Éditorial : La fin des prix de consolation?

Tout le monde avait le cœur à la fête lors de l’annonce du prolongement du contrat de renouvellement des voitures Azur du métro de Montréal à l’usine Bombardier de La Pocatière. Deux semaines plus tard, les mines sont plutôt basses. Et avec raison, car l’avenir est loin d’être rose à moyen terme pour les travailleurs de l’usine.

Selon toute vraisemblance, Via Rail annoncerait sous peu qu’elle octroie le contrat du renouvellement de sa flotte de wagons du corridor Québec-Windsor à la multinationale allemande Siemens. Un contrat estimé à 1 milliard $ qui serait réalisé en… Californie! À côté de cela, les 580 M$ du contrat Azur annoncés en grande pompe le 12 novembre dernier, bien que non négligeables, viennent nous rappeler ce qu’ils sont : un prix de consolation du gouvernement du Québec suite au tollé soulevé par l’attribution du contrat du REM au consortium Alstom-SNC-Lavalin.

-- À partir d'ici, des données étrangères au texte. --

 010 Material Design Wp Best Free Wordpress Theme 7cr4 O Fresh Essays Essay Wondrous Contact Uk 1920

Maintenant, c’est à se demander si la participation du fédéral dans ce contrat n’a pas été motivée pour les mêmes raisons. Ottawa savait-elle que Bombardier était sur le point d’échapper Via Rail? À un an des élections fédérales, dans un comté où les Libéraux ont perdu par moins de 300 voix de majorité en 2015, la question est tout à fait légitime.

L’étau se resserre

Il n’en demeure pas moins que l’avenir de l’usine Bombardier de La Pocatière est préoccupant. Si les accords internationaux empêchent les sociétés de la couronne au fédéral et les sociétés d’État au provincial d’exiger un minimum de contenu canadien dans leurs appels d’offres pour le renouvellement ou la construction de matériel roulant, pour qui Bombardier La Pocatière pourra construire des trains dans le futur?

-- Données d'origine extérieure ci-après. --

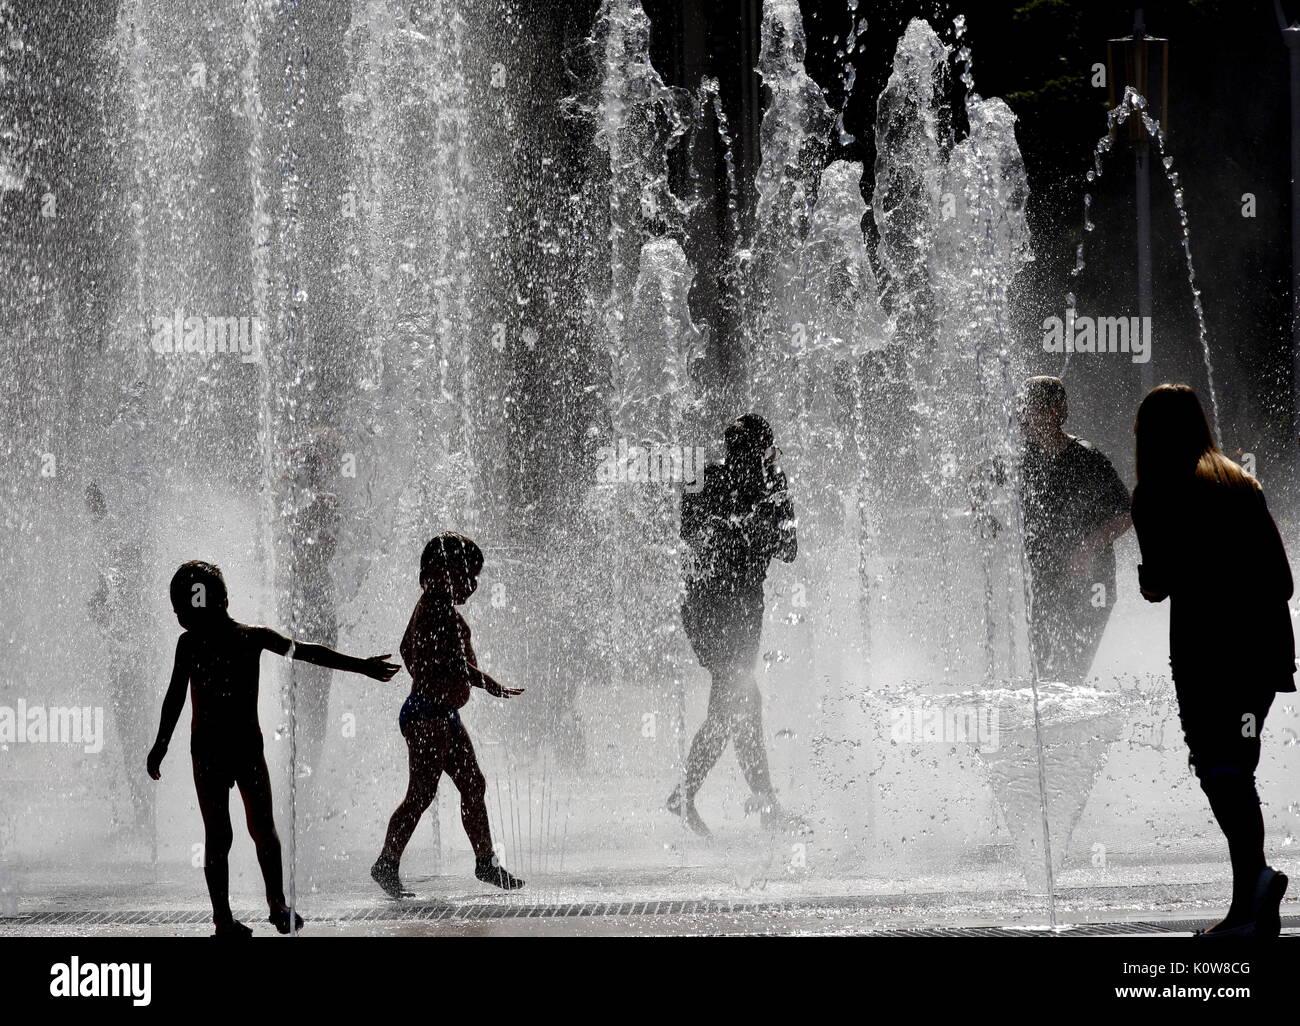 YAROSLAVL, RUSSIA - AUGUST 7, 2017: Children play in a fountain. Valery Matytsin/TASS - Stock Image

Aux États-Unis et dans plusieurs pays européens, les mesures protectionnistes n’empêchent en rien Bombardier Transport d’y décrocher des contrats. Toutefois, les trains qu’elle construirait le seraient dans les installations de ces pays afin de respecter les exigences en contenu local qui y sont réclamées. On peut donc croire que les retombées pour l’usine Bombardier de La Pocatière seraient minimes, voire inexistantes.

À l’échelle canadienne, le cas Via Rail nous apprend que les sociétés de la couronne ne peuvent exiger du contenu canadien pour les appels d’offres touchant le matériel de transport ferroviaire interurbain. Ce qui vient une fois de plus couper les ailes à Bombardier La Pocatière.

Il reste donc les marchés provinciaux. Là encore, l’étau se resserre. Seuls le Québec et l’Ontario disposent d’une exemption dans le cadre de l’Accord économique et commercial global (AECG) leur permettant d’exiger 25 % de contenu canadien pour l’achat futur de véhicules de transport en commun, selon les informations qui nous ont été fournies par l’attaché de presse du cabinet du ministre de la Diversification du Commerce international à Ottawa.

En Ontario, Bombardier possède déjà des installations à Thunder Bay qui ont servi récemment à la construction des nouvelles voitures du tramway de Toronto. Au Québec, le premier ministre François Legault ne cesse de rappeler qu’il compte bien se prévaloir de ce 25 % à la première occasion, mais pour quels contrats en transport collectif? À court ou moyen terme, son gouvernement, incluant la députée de Côte-du-Sud Marie-Eve Proulx, en est plutôt à privilégier la construction d’un 3e lien routier entre Québec et Lévis. On se demande donc où l’expertise de Bombardier Transport à La Pocatière pourrait bien être amenée à jouer un rôle dans ce projet!

Quel avenir?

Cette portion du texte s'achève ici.